- **Exercise aim**:
Copy the records below, from the line containing "39 Tilted stars" through the last line; leave out pictures.

- **Data records**:
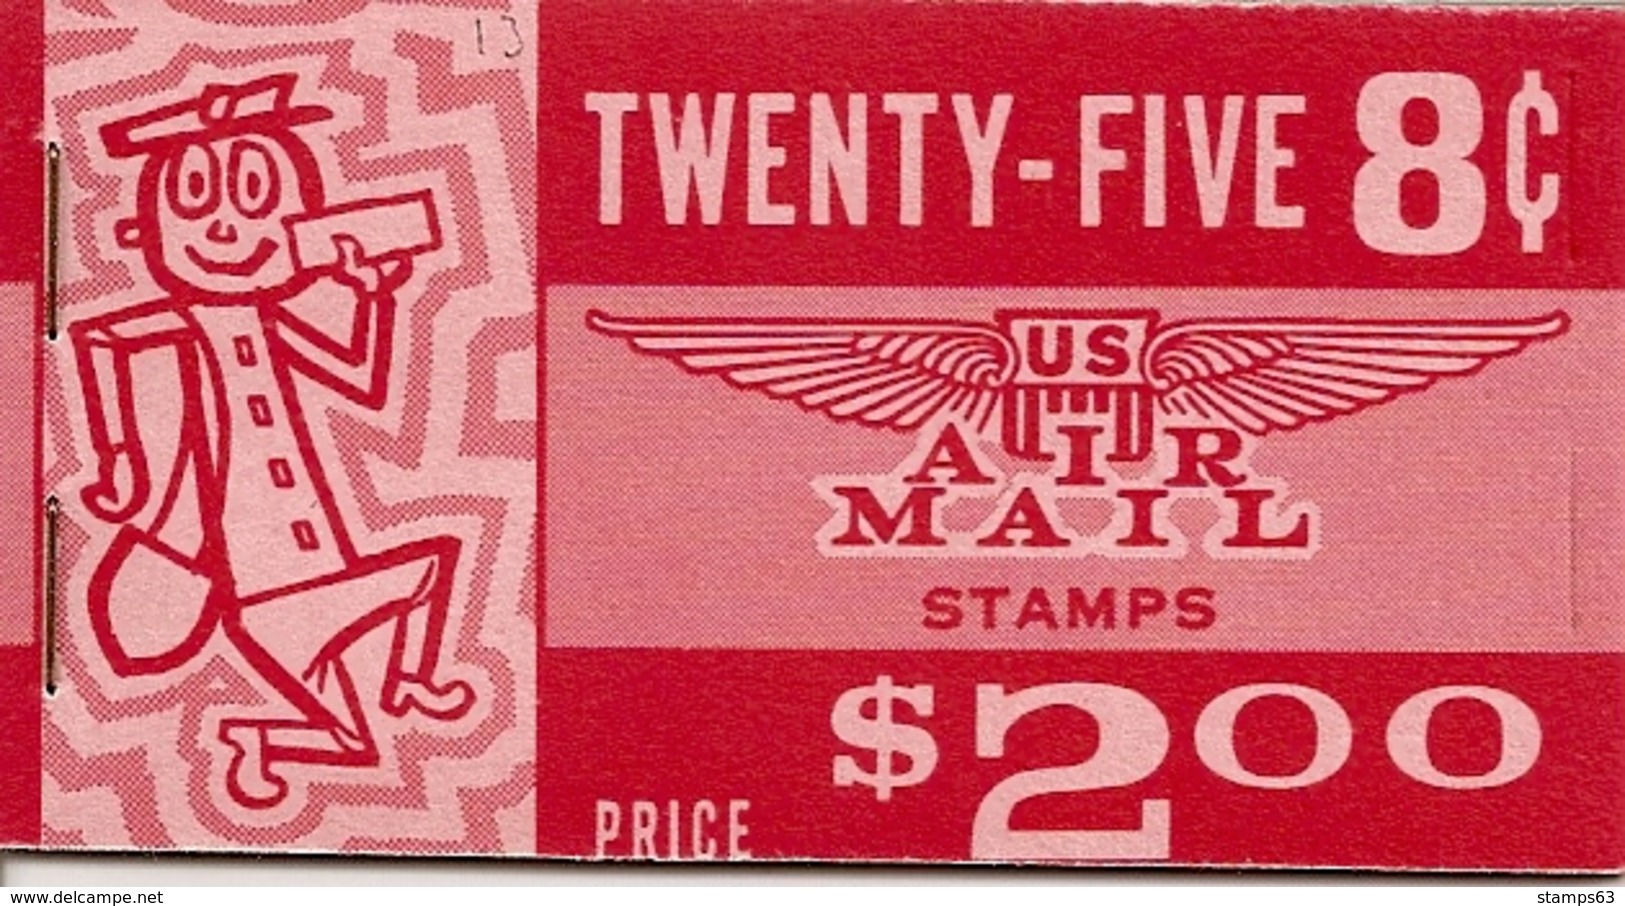 UNITED STATES (USA), 1963, Air Mail Booklet C13, $ 2.00 Red, Mi 71b - 2. 1941-80
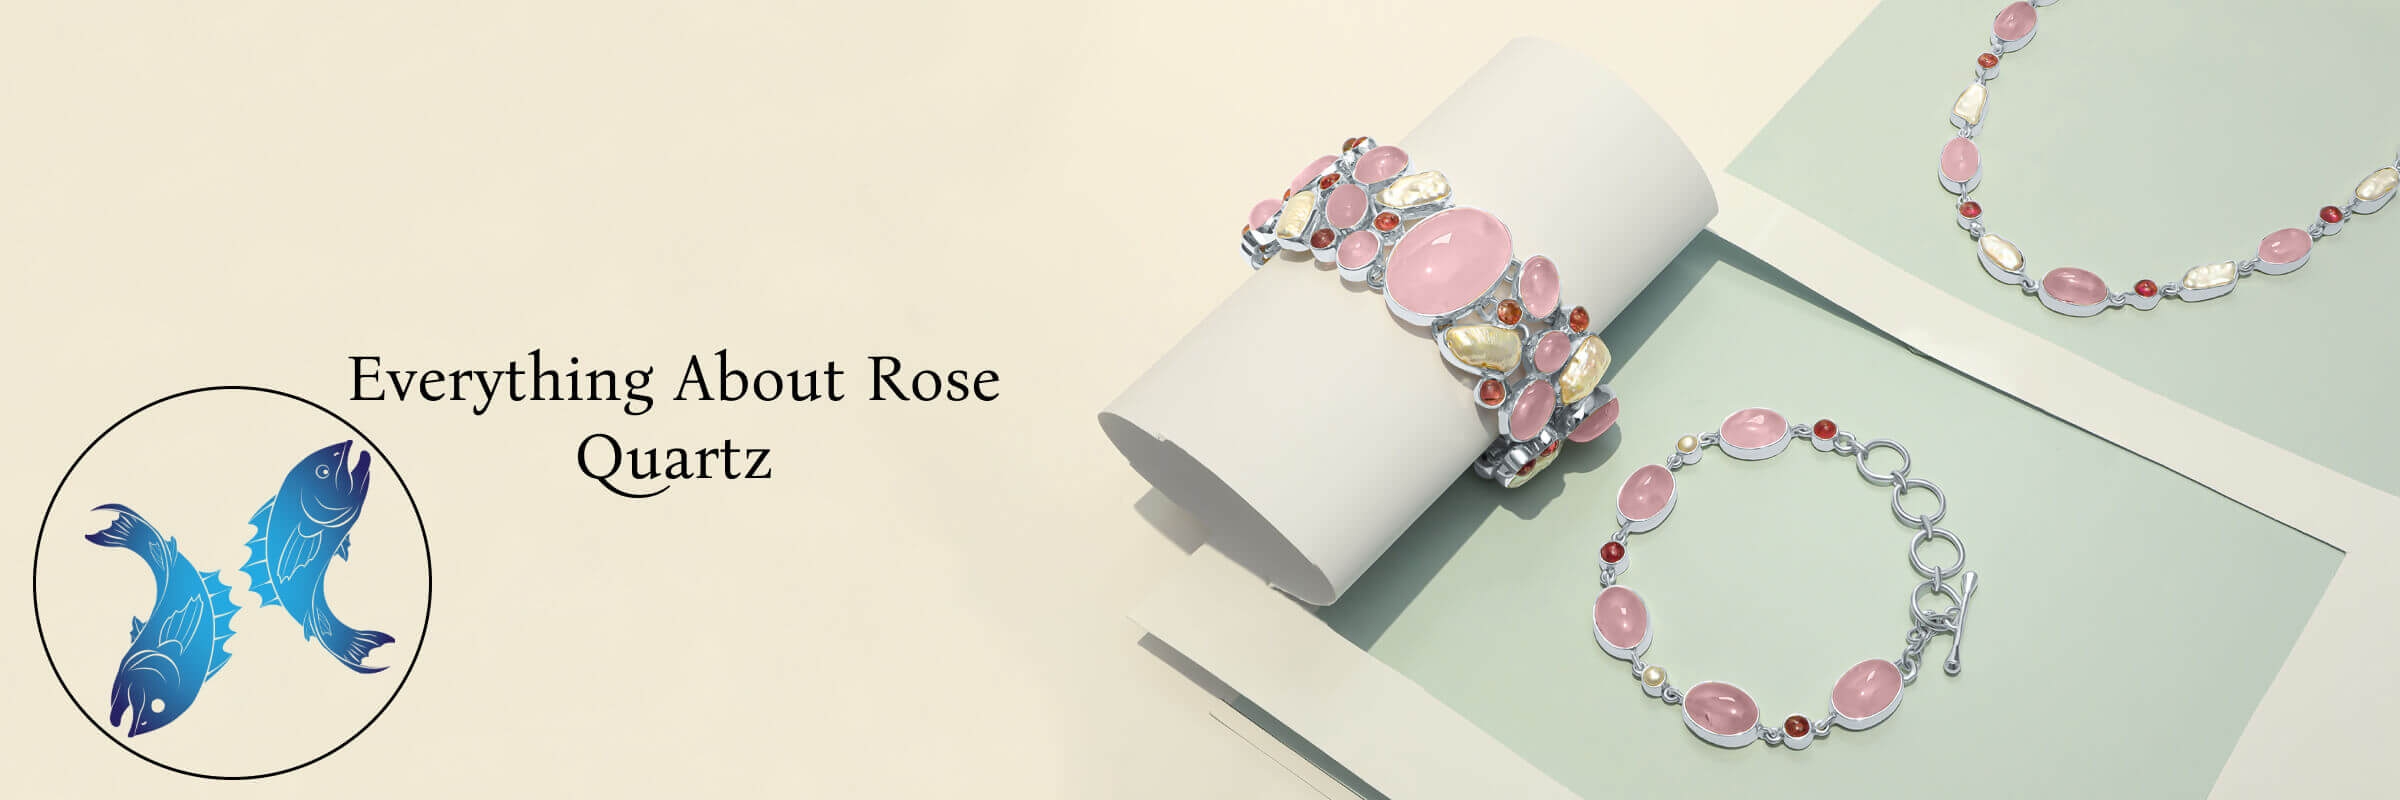 Rose quartz: Meaning, zodiac sign and benefits
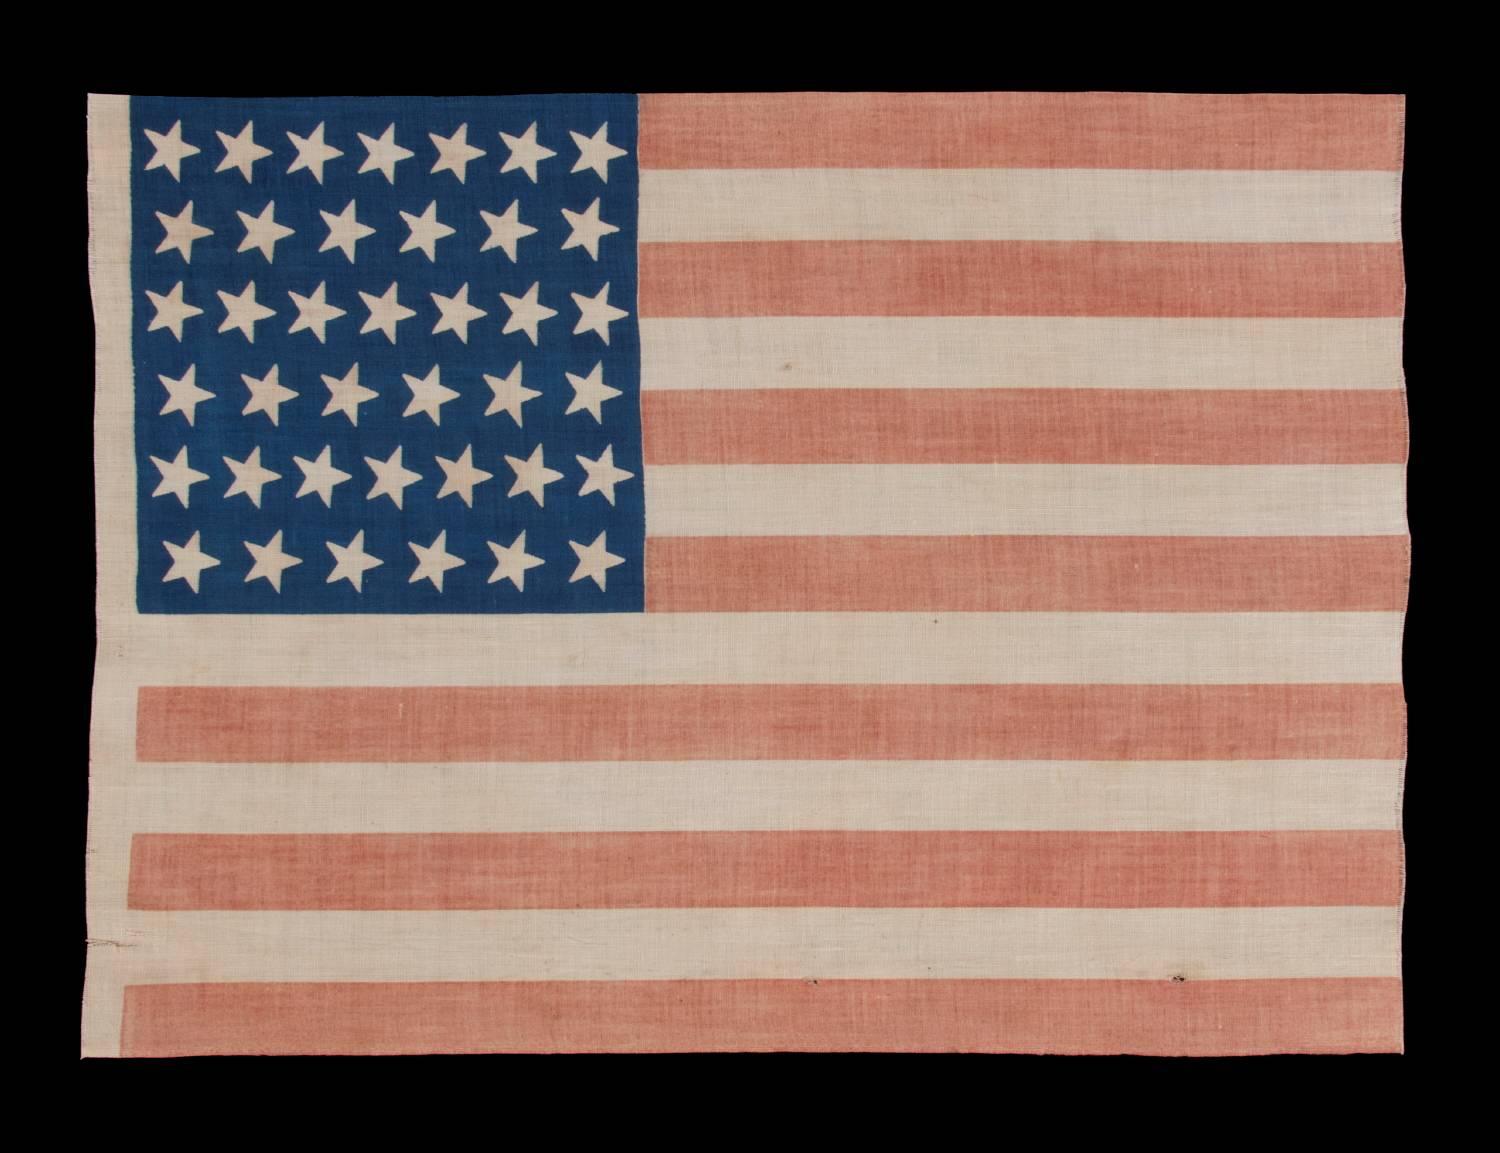 39 Tilted stars on an antique American flag with a royal blue canton, never an official star count, 1876-1889:

39 star American parade flag, printed on plain weave cotton. 39 star American national parade flag, printed on plain weave cotton. The
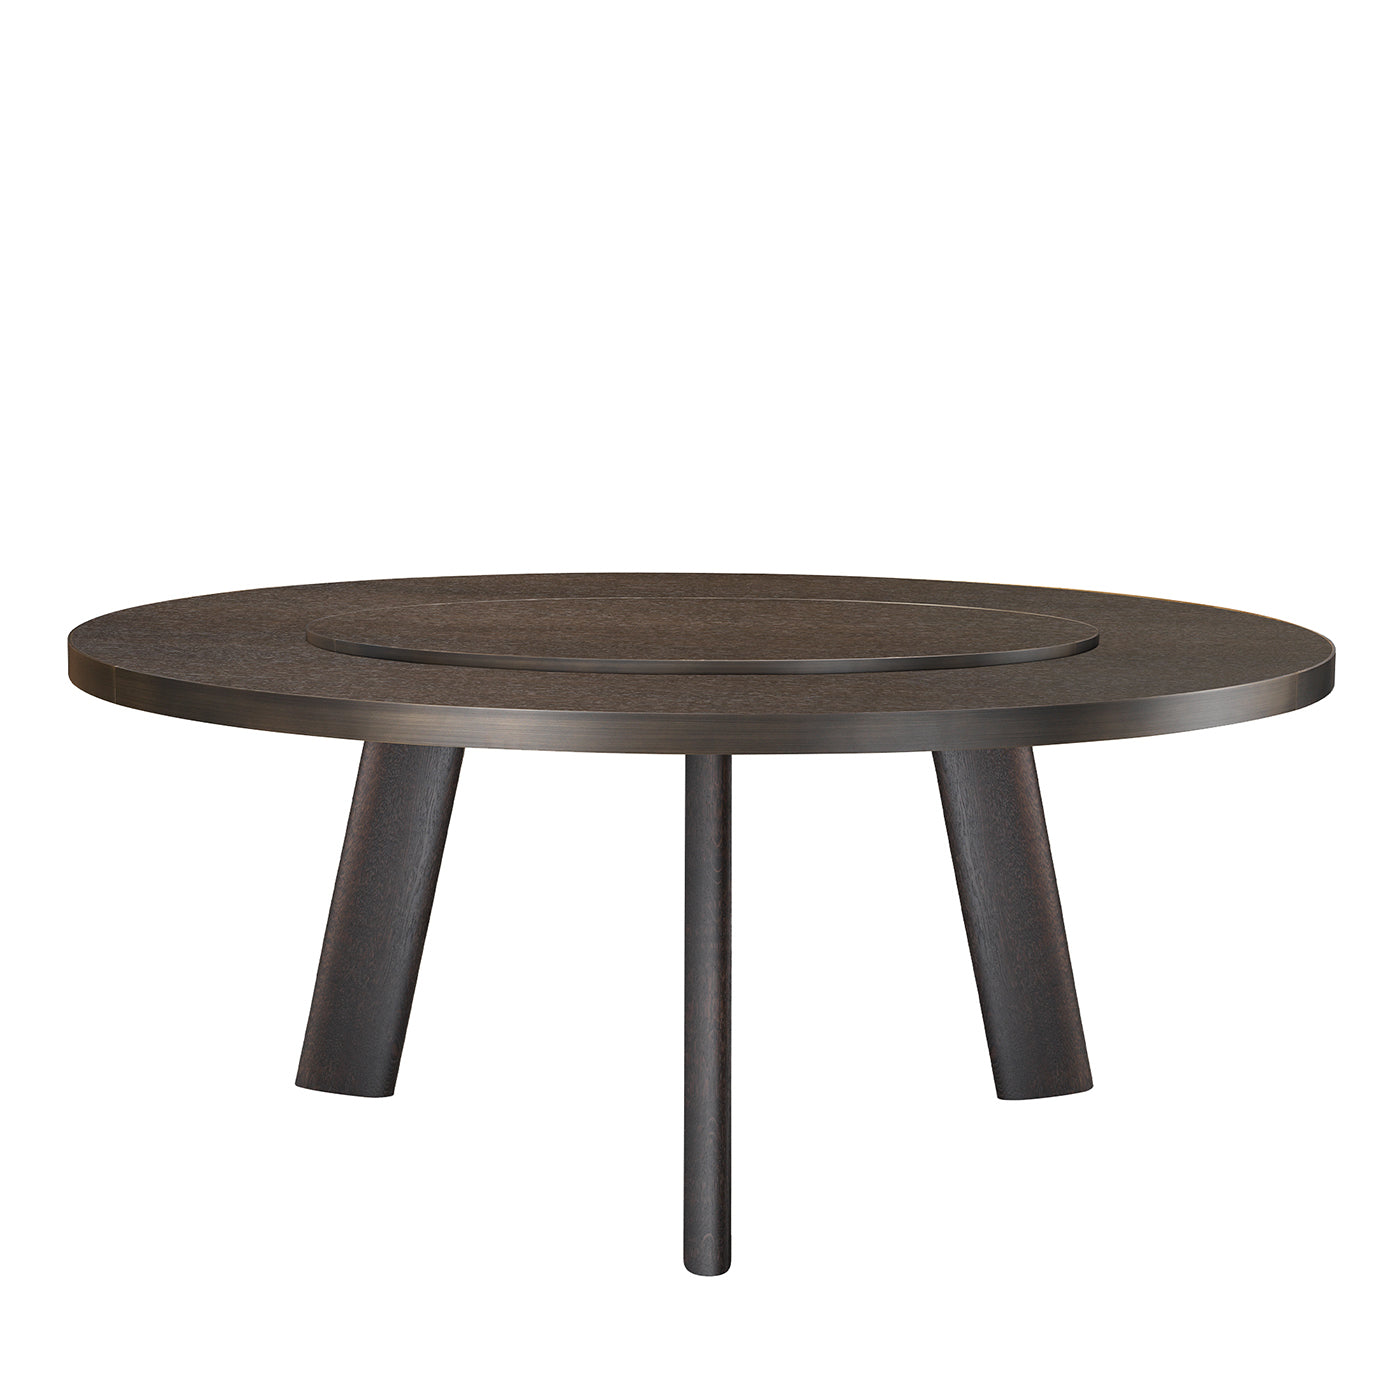 Native Round Brown Table by Stefano Giovannoni - Main view

- **Reply**:
 39 Tilted stars on an antique American flag with a royal blue canton, never an official star count, 1876-1889:

39 star American parade flag, printed on plain weave cotton. 39 star American national parade flag, printed on plain weave cotton. The
 Native Round Brown Table by Stefano Giovannoni - Main view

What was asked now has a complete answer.